According to research by the NPD Group, a market research company, as of 2012, 92 percent of American households purchased cereal at least once a year, making cereal the fourth most sold packaged good in U.S. retail stores. Cereal sales reached more than $7.7 billion, and a total of 2.7 billion boxes of cereal were sold. Grocery stores on average carry 30 different types of cereal, but the possibilities in the cereal department are truly endless. To put things in perspective, you could eat a different type of cereal every day for a year and never have to eat the same one twice.
It’s not just the perfectly crunchy, sweet taste of cereal or its ubiquity as a staple on everyone’s kitchen table that make it so irresistible.
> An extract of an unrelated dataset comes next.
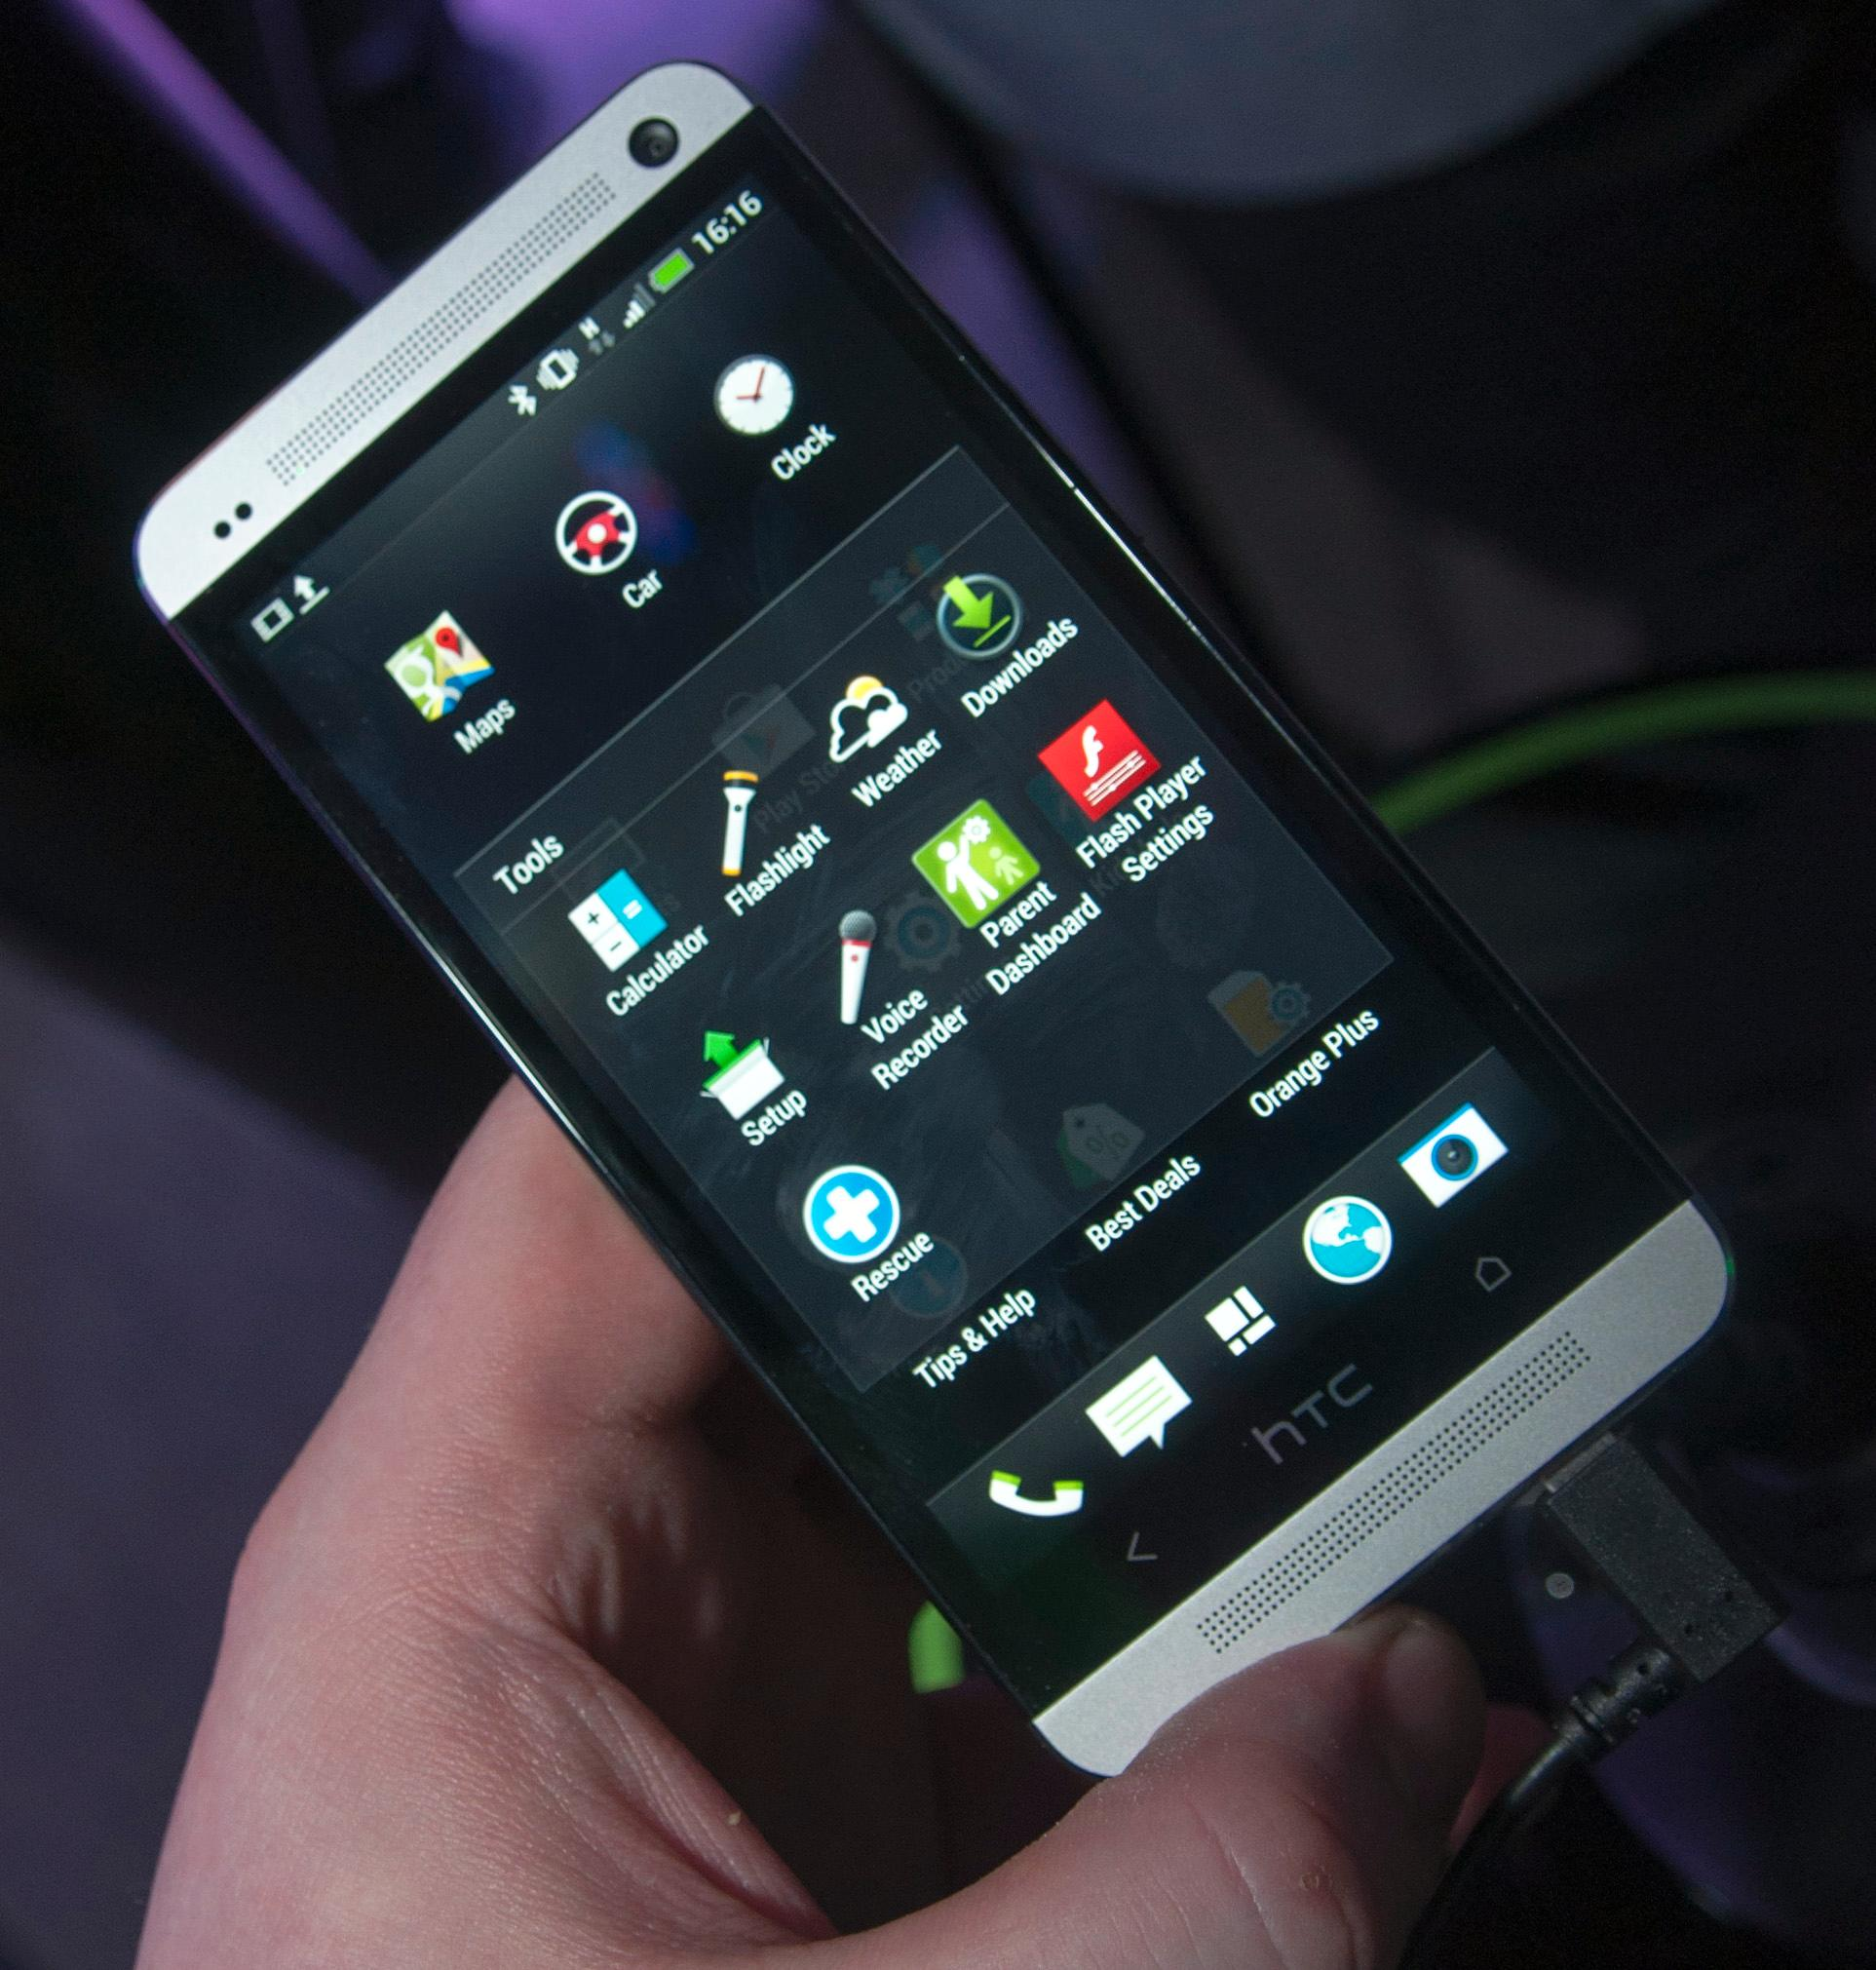 Foldere slik de ser ut i Sense 5 på HTC One.Foto: Finn Jarle Kvalheim, Amobil.no

Cereal has found its way into our homes and done nothing short of infiltrating every part of our daily lives. You know how there are often cereal commercials when you’re watching your favorite cartoons? Those shows don’t just happen to advertise for cereal. Ad man Leo Burnett created television programs and characters such as Yogi Bear and Fred Flintstone specifically to sell cereal. Today cereal companies are still the second-largest advertiser on television.
America is so obsessed with cereal that we’ve started devoting entire restaurants solely to cereal. “R U Cereal?” in Albuquerque, N.M., offers an all-you-can-eat cereal bar with more than 25 varieties of name–brand cereals and even more toppings, from fresh fruit to chocolate to nuts and everything in between. At “Cereality: Cereal Bar and Cafe” in Richmond, Va., customers choose their cereal and toppings and watch as cereologists put their creations together in a cardboard container a la your favorite Chinese take-out restaurant.
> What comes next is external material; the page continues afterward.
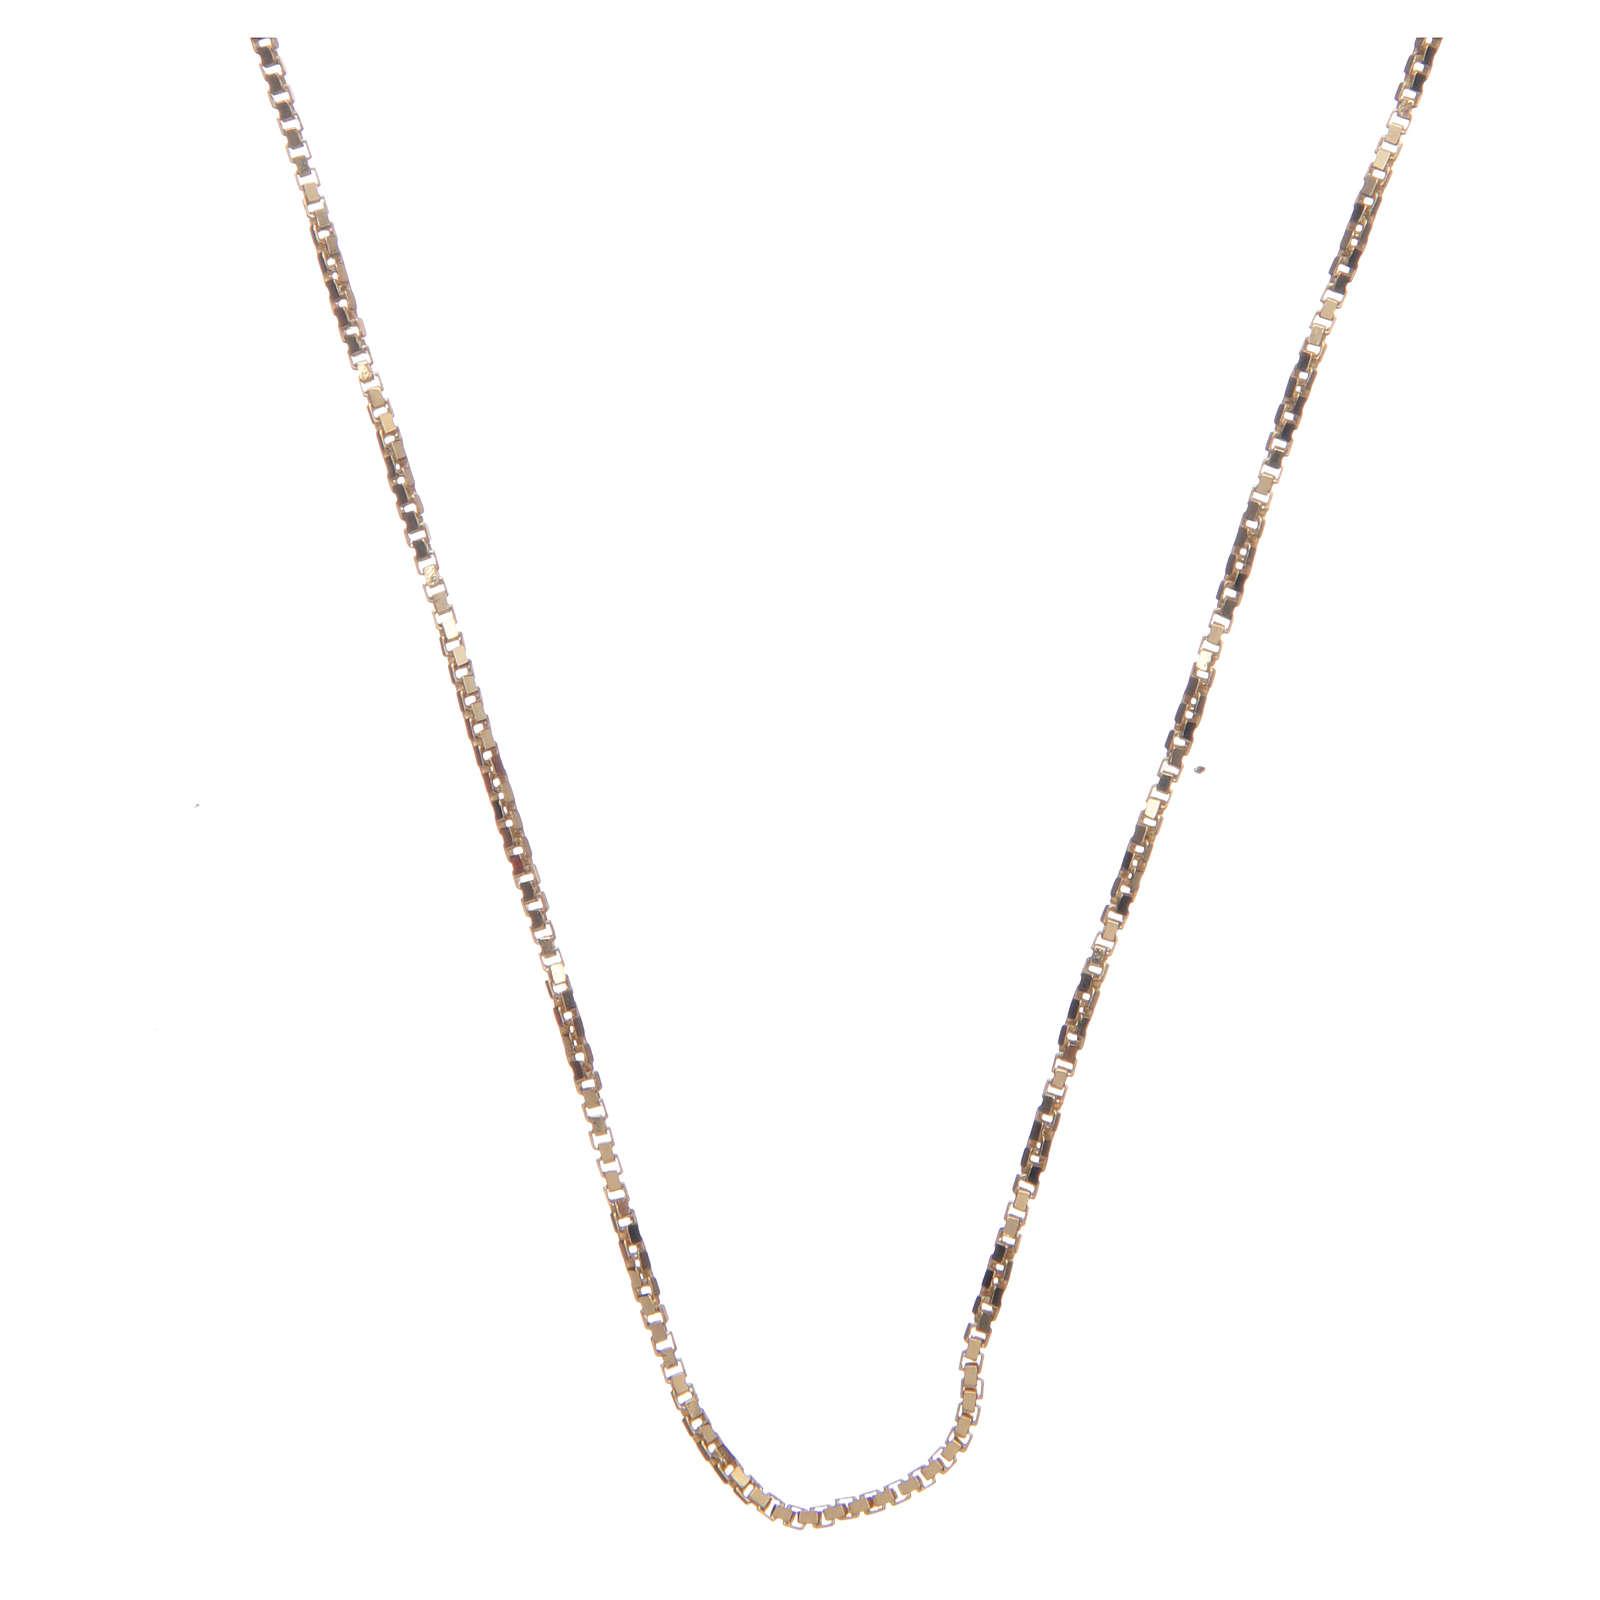 Catena veneta argento 925 dorato 70 cm 4

Personally, I think cereal bars are a fairly useless concept and total waste of money. I can’t justify paying $5.99 for an all-you-can-eat cereal bar, when I could just buy a couple boxes on sale at Wal-Mart for the same price and enjoy several bowls from the comfort of my own home. Despite the witless fad known as the cereal bar, cereal has remained in my top five favorite foods for as long as I can remember, and there are no signs of that changing any time soon, especially when I can take a BuzzFeed quiz that answers the age old question: If you were a cereal, which cereal would you be?